Introduction to Graph Theory by Douglas B. West. Second edition

Tentative syllabus

This syllabus is subject to change, but it should give you an idea of the topics I want you to learn.

 Chapters Brief Description Week 1 1.1, 1.2 Basic definitions, isomorphisms, walks, cycles and bipartite graphs Week 2 1.3, 1.4 Components, cut-edges, Eulerian graphs, vertex degrees and degree sequences, directed graphs Week 3 2.1, 2.2 Eulerian digraphs, trees and distance Week 4 2.2, 2.3 Counting spanning trees and the matrix tree theorem, minimal spanning trees and shortest paths Week 5 3.1, 3.3 Matchings, Hall's theorem and coverings, maximum matchings, factors Week 6 4.1, 4.2 Cuts and connectivity Week 7 4.2, 4.3 Network flow problems, max-flow min-cut theorem Week 8 5.1, 5.2 Vertex colorings, bounds on chromatic numbers and Mycielski's construction Week 9 5.3, 6.1 Chromatic polynomials, chordal graphs, planar graphs Week 10 6.2, 6.3 Euler's formula and Kuratowski's theorem, five and four colored theorems

The course grade will be based on the homework (20%), two midterms (25% each), a final exam (25%), and class participation (5%).

Homework

There will be homework due every week. It will consist typically of a reading assignment (of the part of the book covered in class) and some problems. Collaboration in the homework is permitted, but you are not allowed to copy someone else's work. The solutions must be written individually. You have to mention on your problem set the names of the students that you worked with.

Exams

On the midterms and the final exam you must work on the problems on your own. No collaboration permitted in the exams.
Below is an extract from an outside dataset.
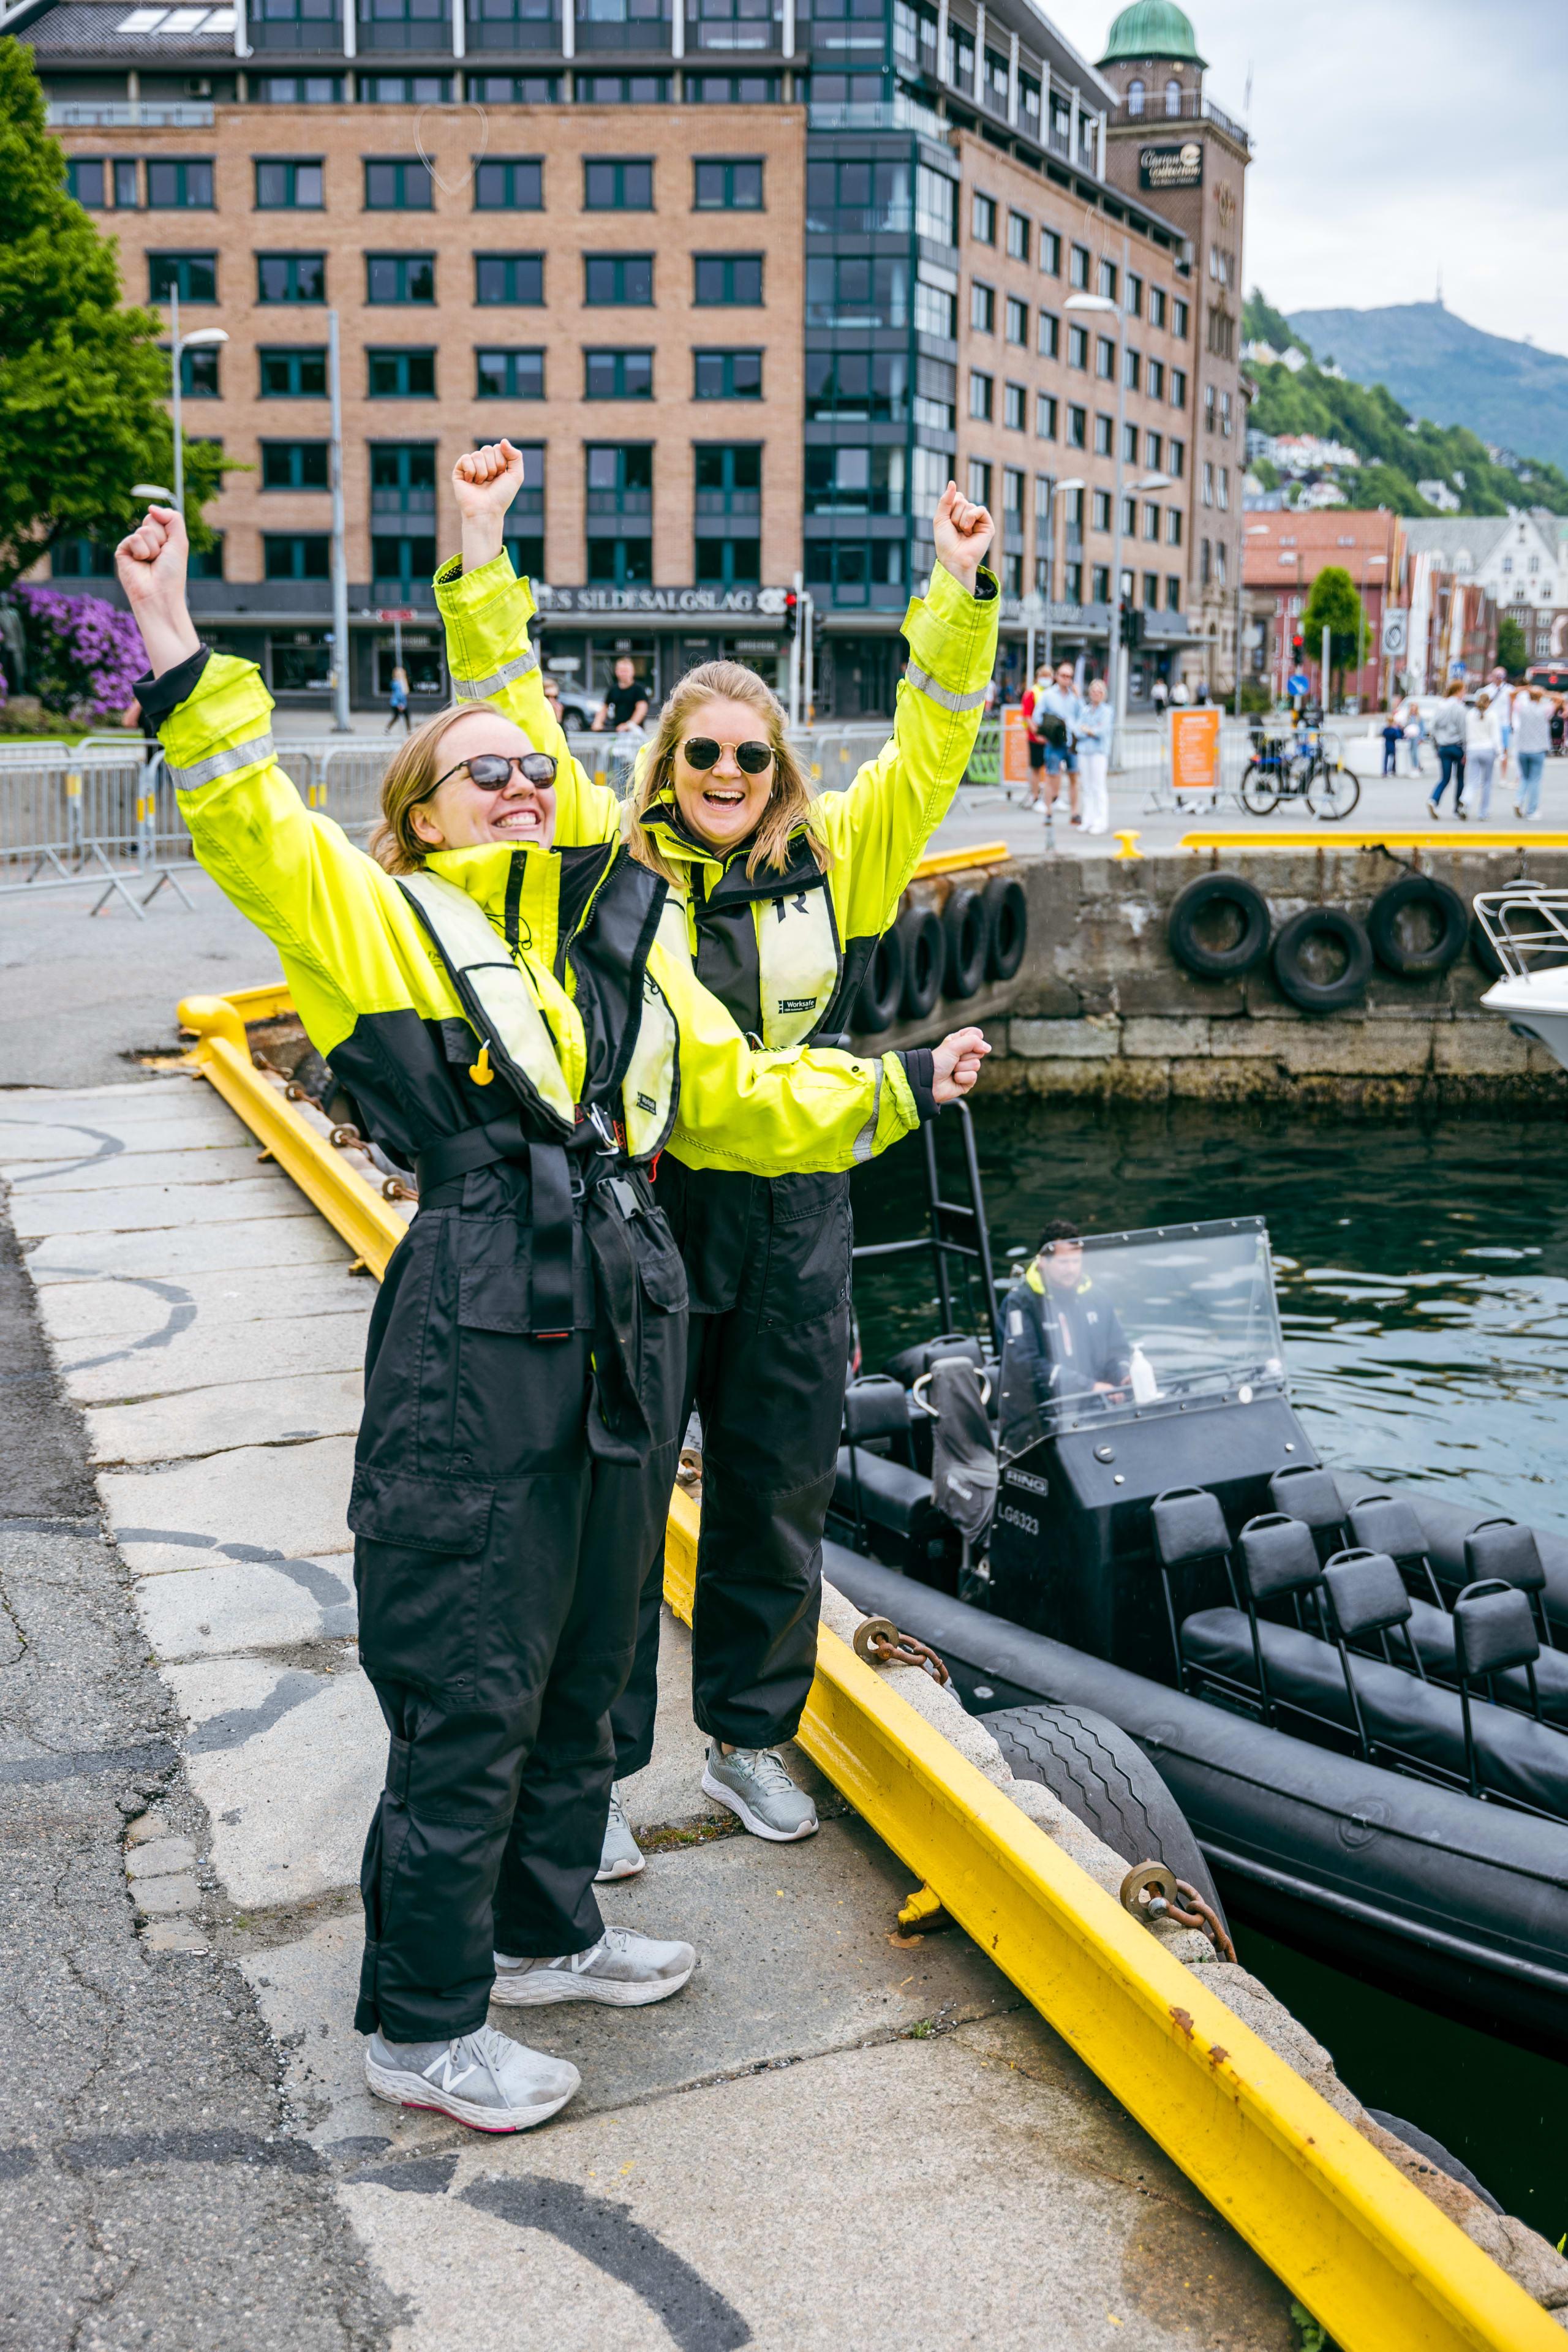 Cheering RIB ladies in Bergen harbor
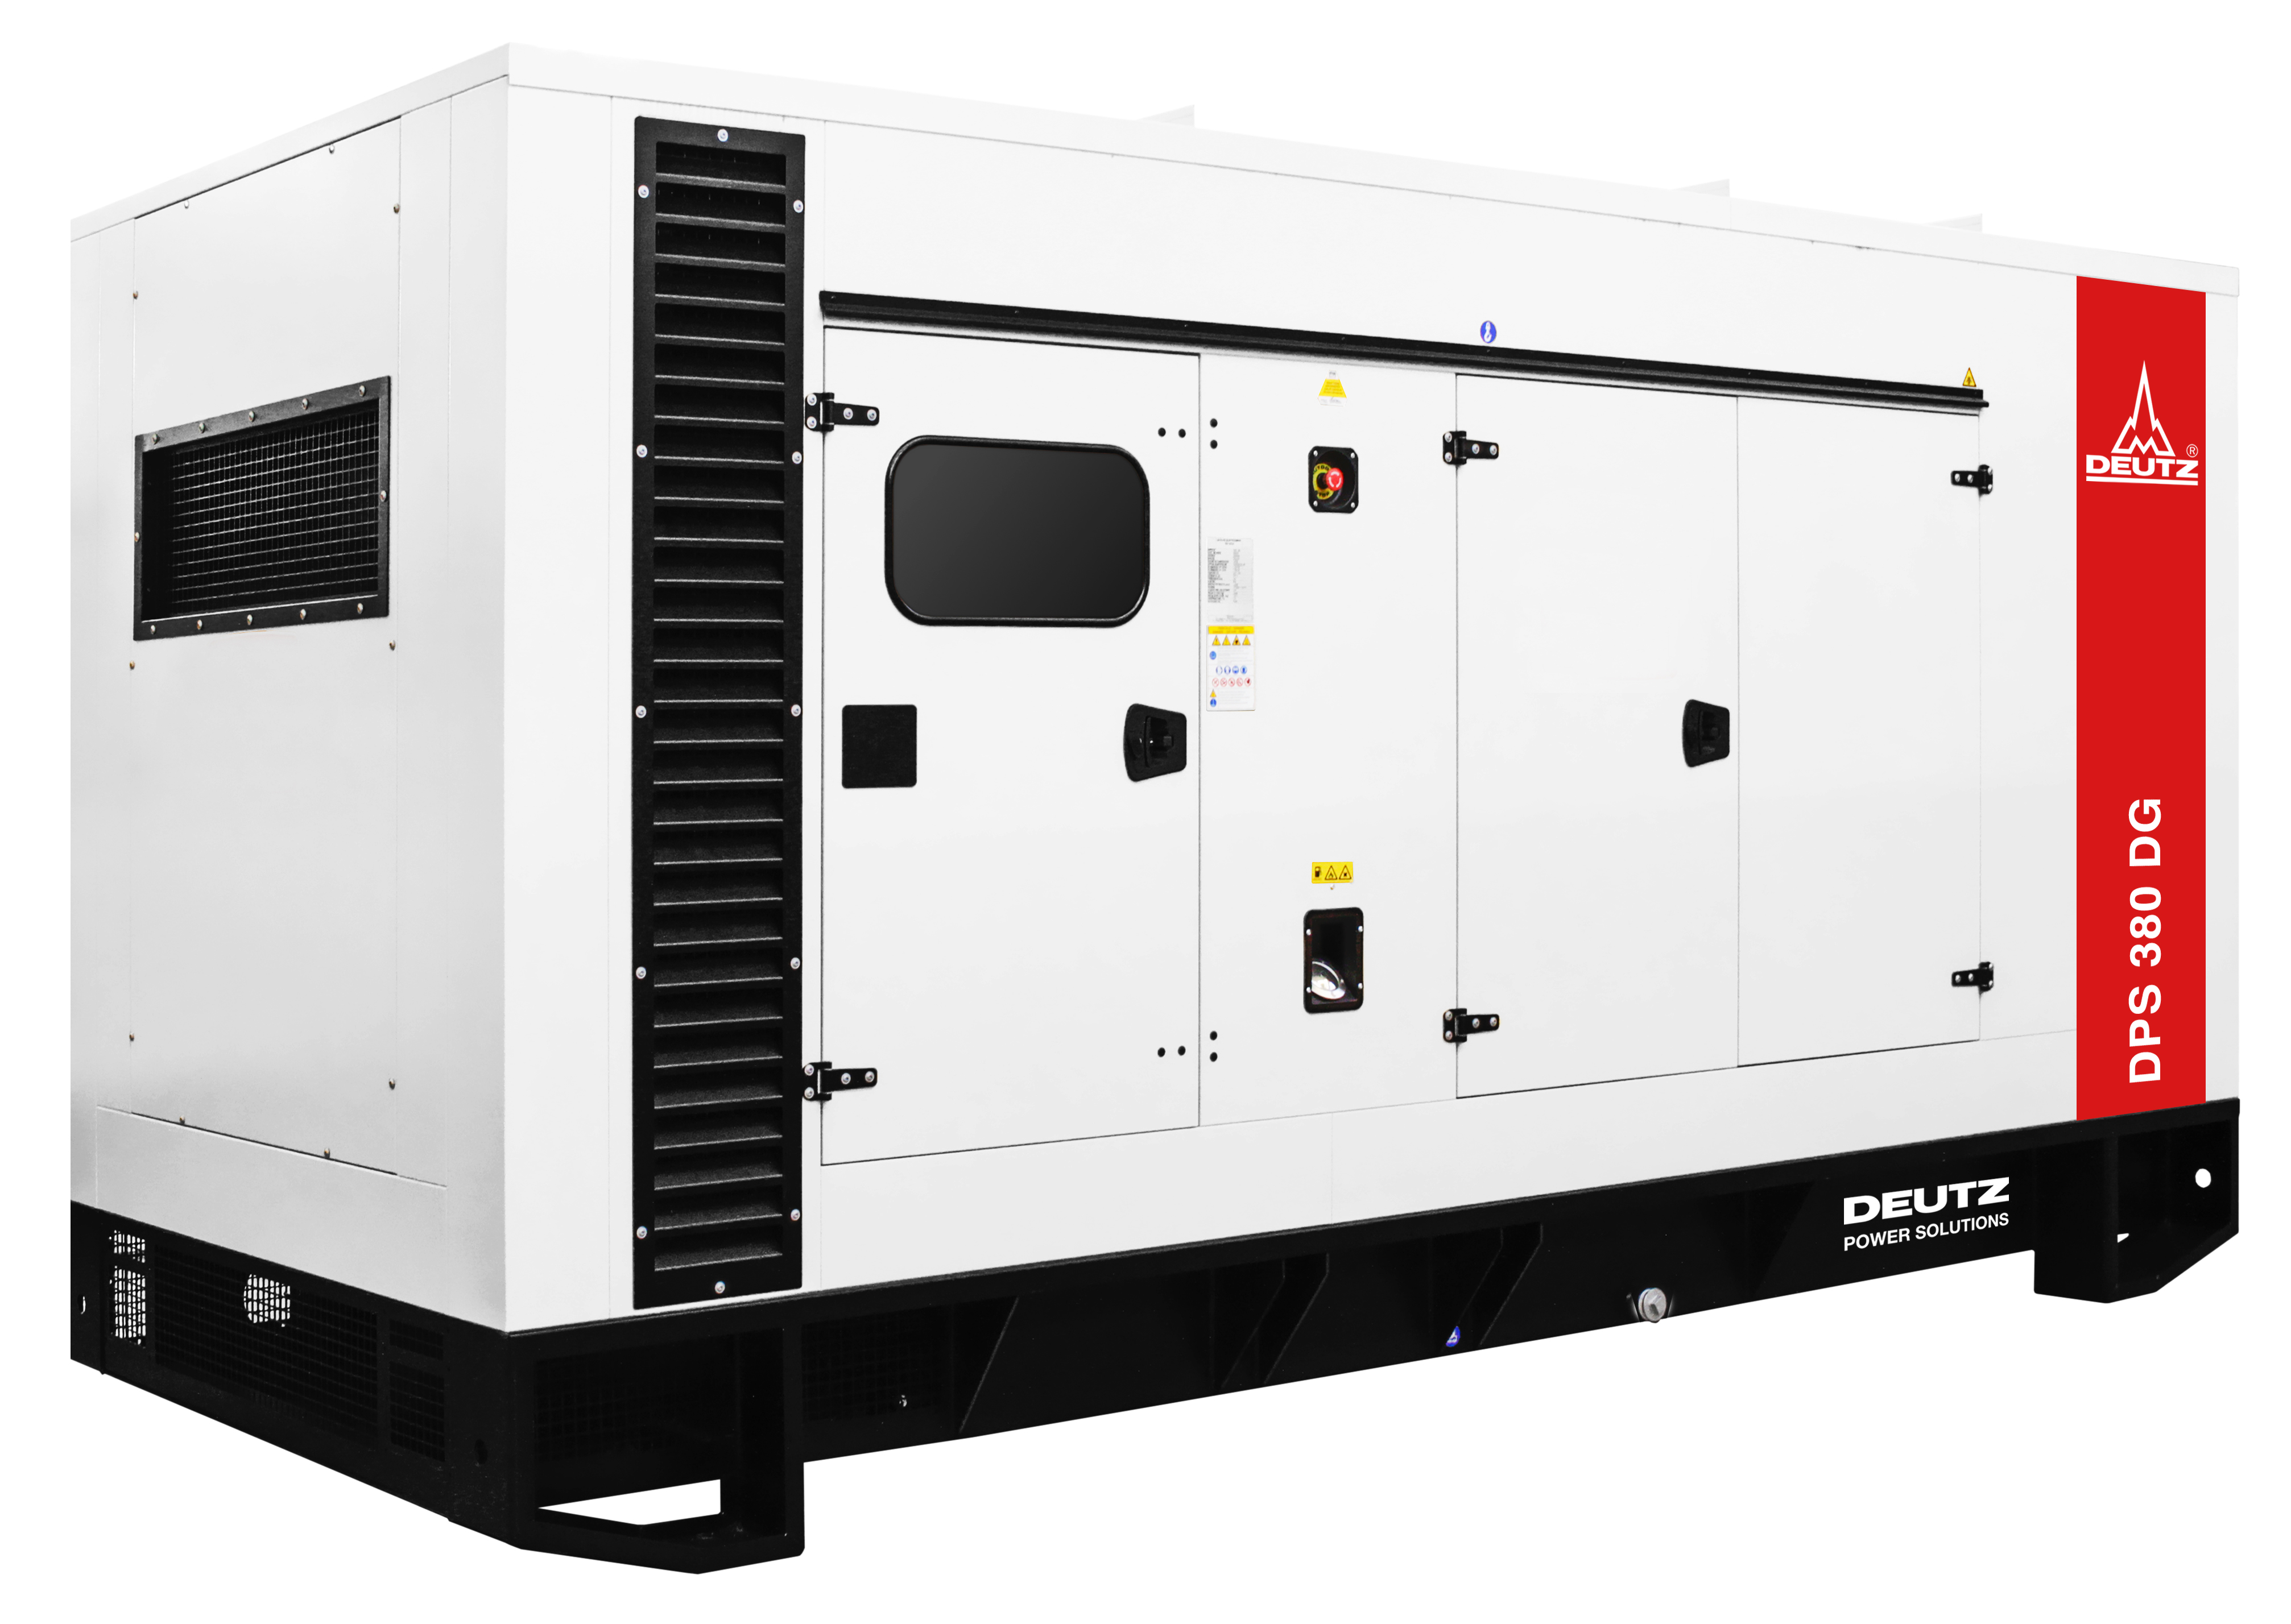 Deutz DPS 380 DG diesel generator

Students with disabilities: Students with learning, physical, or psychiatric disabilities enrolled in this course that may need disability-related classroom accommodations are encouraged to make an office appointment to see me before the end of the second week of the term. All discussions will remain confidential, although the Student Disability Services office may be consulted to discuss appropriate implementation of any accommodation requested.